From the table above, we can easily see that the state of São Paulo has the most institutions of the types Private with and without profits and Public State. The state of Minas Gerais leads in another important type such as Public Federal. In general most Public institutions are located in the south and southeast regions. Economic development is a candidate to explain this distribution of institutions, because it is straightforward that the richest region should have more structure in many areas, include education. Another interesting fact is that only a few states have institutions of the Special type; It could be theme for a further investigation and analysis. All the cells with “NA” means zero to the corresponding value.

5th class - Using readRDS

Reading data by using readRDS function

On previously class we have loaded the data3 by using the following code:

data3 <- read_delim("dados/DM_IES.CSV", 
                    "|", escape_double = FALSE, 
                    locale = locale(encoding = "ISO-8859-1"),
                    trim_ws = TRUE)

But now let’s use a function to improve your processing time to read and render the R Markdown document. Once we have loaded the data3, we create a new file from data3 using the saveRDS function and then restore it in a new object. So, now we have the same data but in a format that allows us to improve the processing time.

saveRDS(data3, file = "dados/data3.rds")

data3opt <- readRDS("data3.rds")

Bulding a bar plot

On the previously class we had summarize the categories of the higher education institutions per state in Brazil. Let’s now build a bar plot to summarize the same information but, this time, only with the state of Pernambuco.

bar_pe <- data3 %>% select(SGL_UF_IES, DS_CATEGORIA_ADMINISTRATIVA) %>%
  group_by(SGL_UF_IES, DS_CATEGORIA_ADMINISTRATIVA) %>%
  filter(SGL_UF_IES == "PE") %>% 
  count() %>% arrange(desc(n)) %>% 
  rename(State = SGL_UF_IES, Category = DS_CATEGORIA_ADMINISTRATIVA, N = n)  
pltbar_pe <- ggplot(bar_pe, aes(x = reorder(Category, N), y = N, fill = Category))
pltbar_pe +  geom_bar(stat = "Identity") + 
             ggtitle("Bar plot of the higher education institutions in Pernambuco ") + 
             xlab("Category") + ylab("Proportion") +
             theme(axis.text.x=element_text(angle=90,hjust=1,vjust=0.5))

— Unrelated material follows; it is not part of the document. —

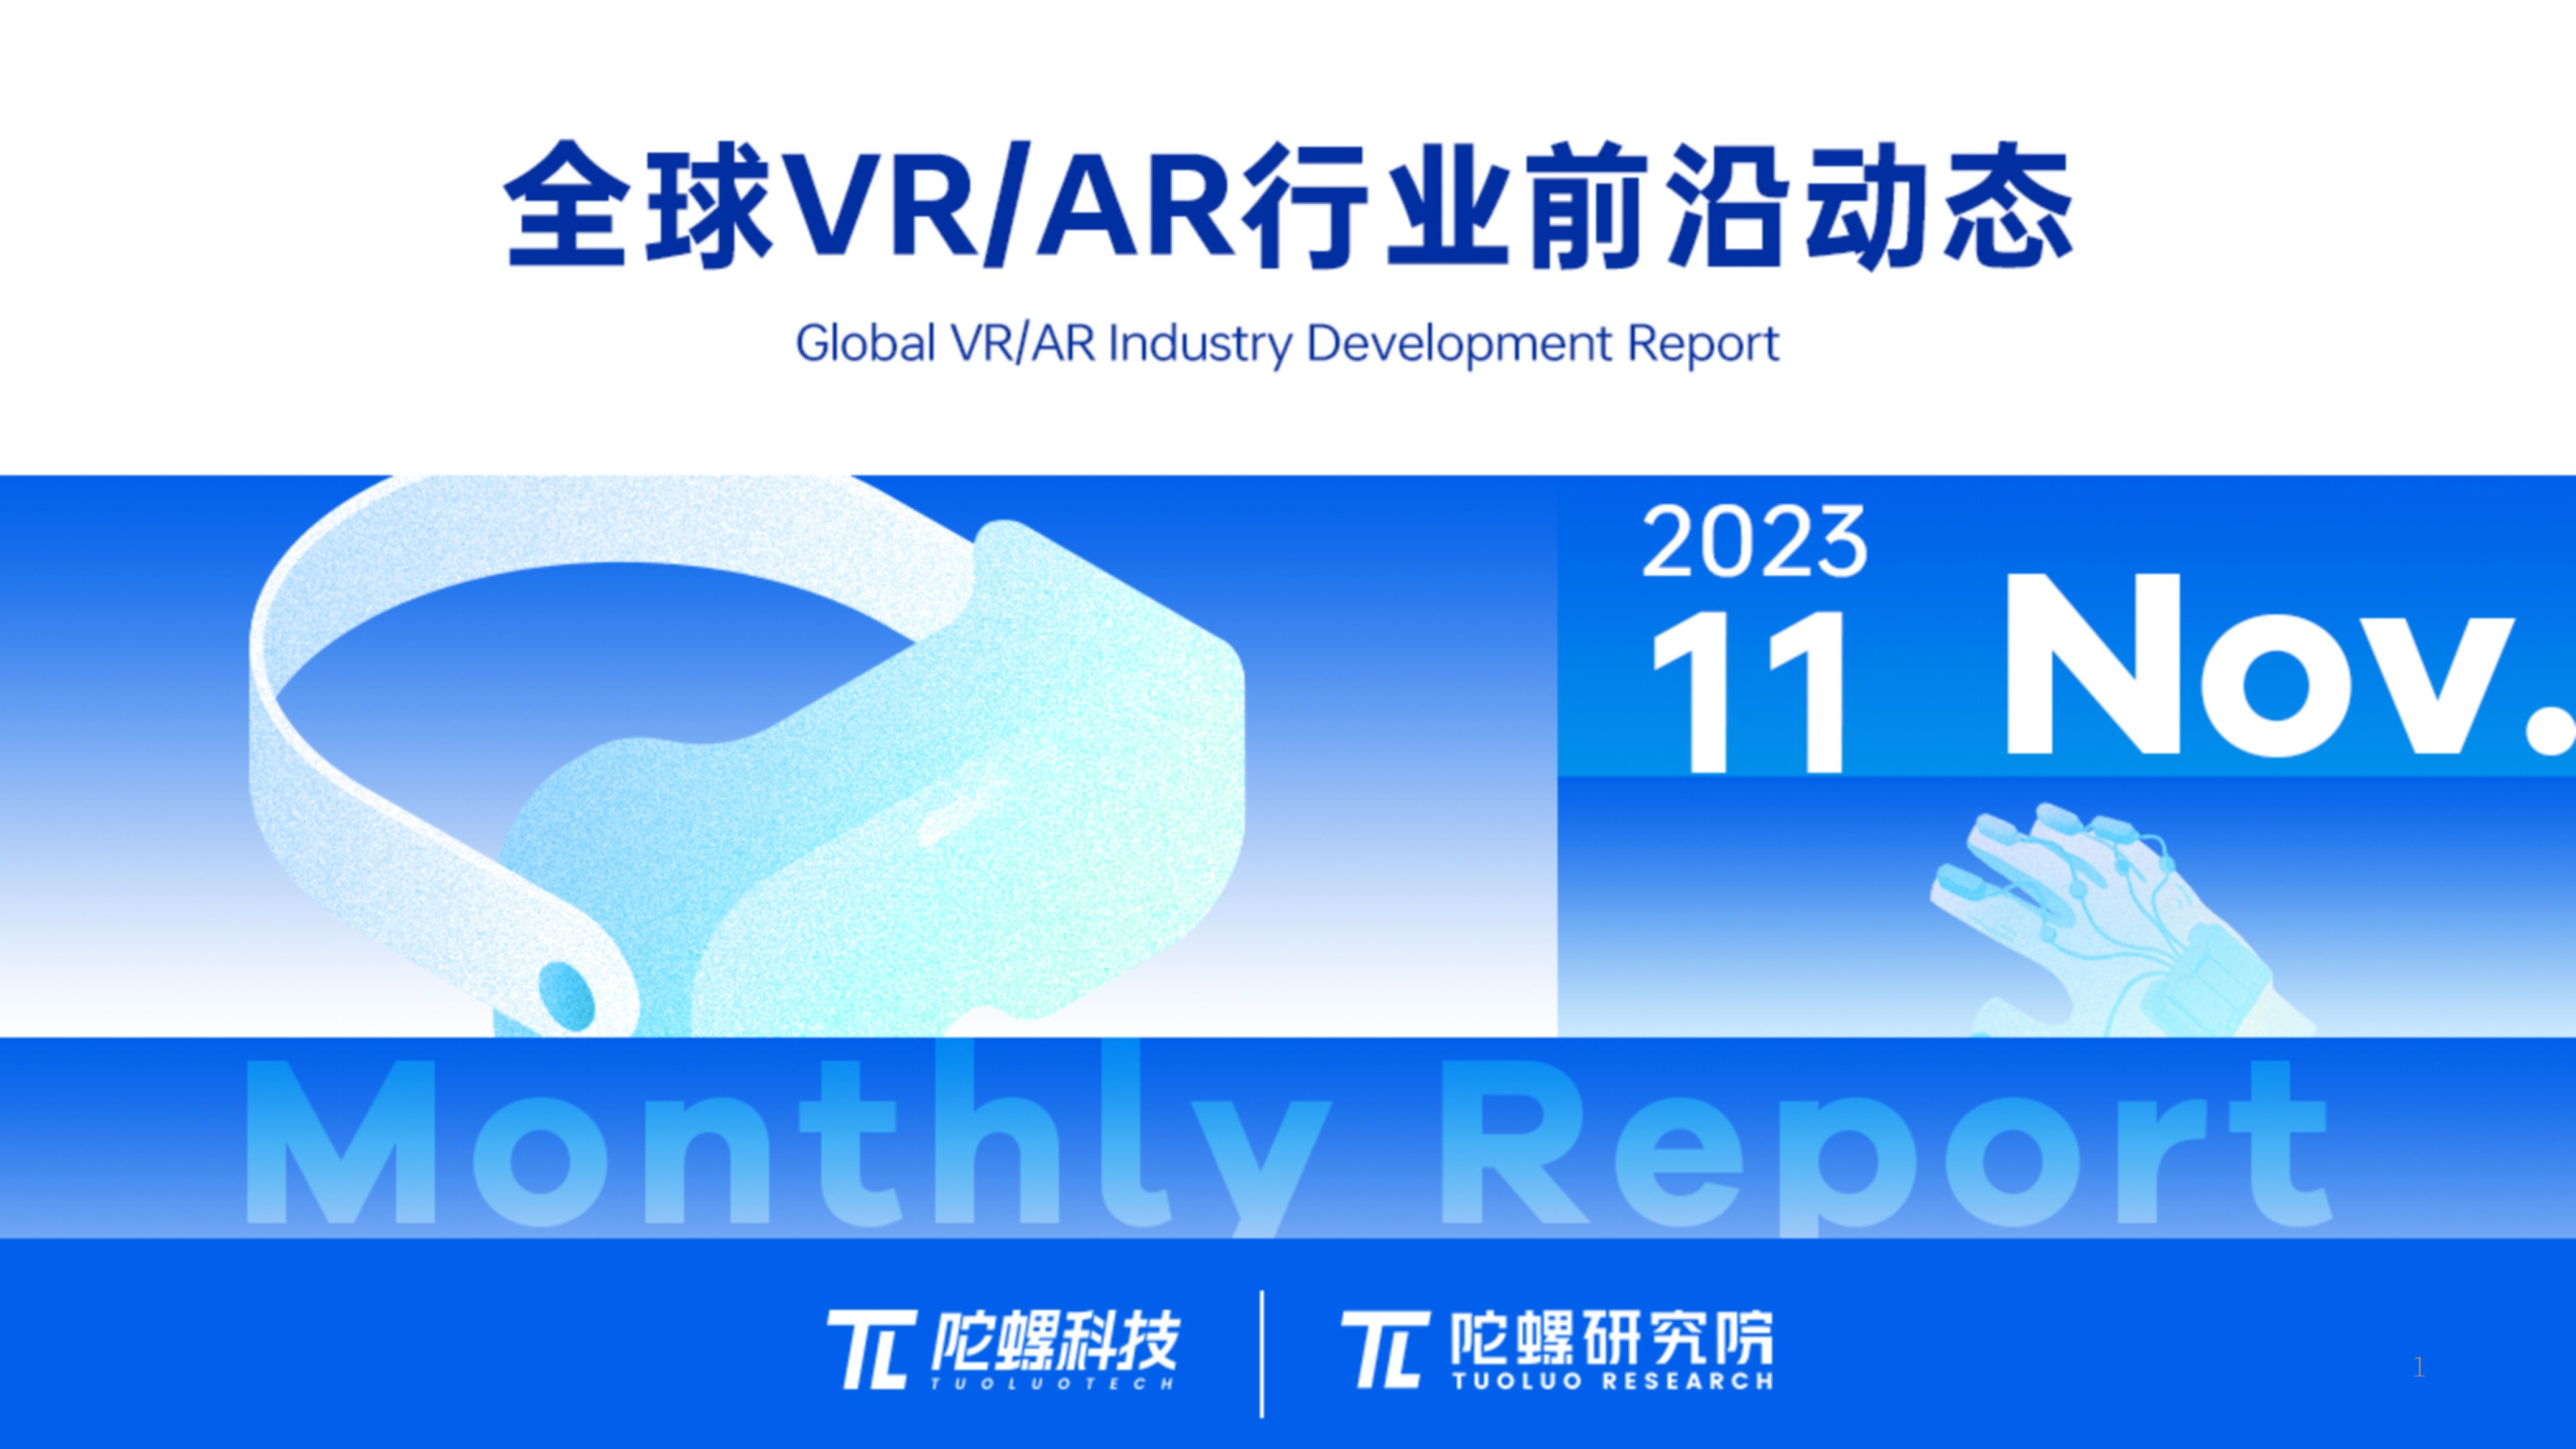 2023年11月VR/AR行业月报 | VR陀螺

bar_pe <- data3 %>% select(SGL_UF_IES, DS_CATEGORIA_ADMINISTRATIVA) %>%
  group_by(SGL_UF_IES, DS_CATEGORIA_ADMINISTRATIVA) %>%
  filter(SGL_UF_IES == "PE") %>% 
  count() %>% arrange(desc(n)) %>% 
  rename(State = SGL_UF_IES, Category = DS_CATEGORIA_ADMINISTRATIVA, N = n) %>% 
  ungroup %>% 
  mutate(Frequency = N/sum(N)) %>% mutate(Category = factor(Category, levels = Category))
bar_pe$Category <- c("Private without profits", "Private with profits", "Public County", 
                     "Public Federal", "Special", "Public State")
pltbar_pe2 <- ggplot(bar_pe, aes(x = reorder(Category, N), y = N, fill = Category))
pltbar_pe2 +  geom_bar(stat = "Identity") + guides(fill = "none") +
              ggtitle("Bar plot of the higher education institutions
                      in Pernambuco ") + xlab("Category") +
              coord_flip() + geom_label(aes(label = round(Frequency*100))) + 
              scale_fill_brewer(palette = "YlGn", direction = -1)

As we can see in the graphic above, private with and without profits categories represents approximately 73% of the total. The public county category comes next with approximately 19% of the institutions. The categories public federal and state and special represents less than 9% of institutions presents in the state. In particular, the public state category has the smallest percentage which equals 1%, approximately.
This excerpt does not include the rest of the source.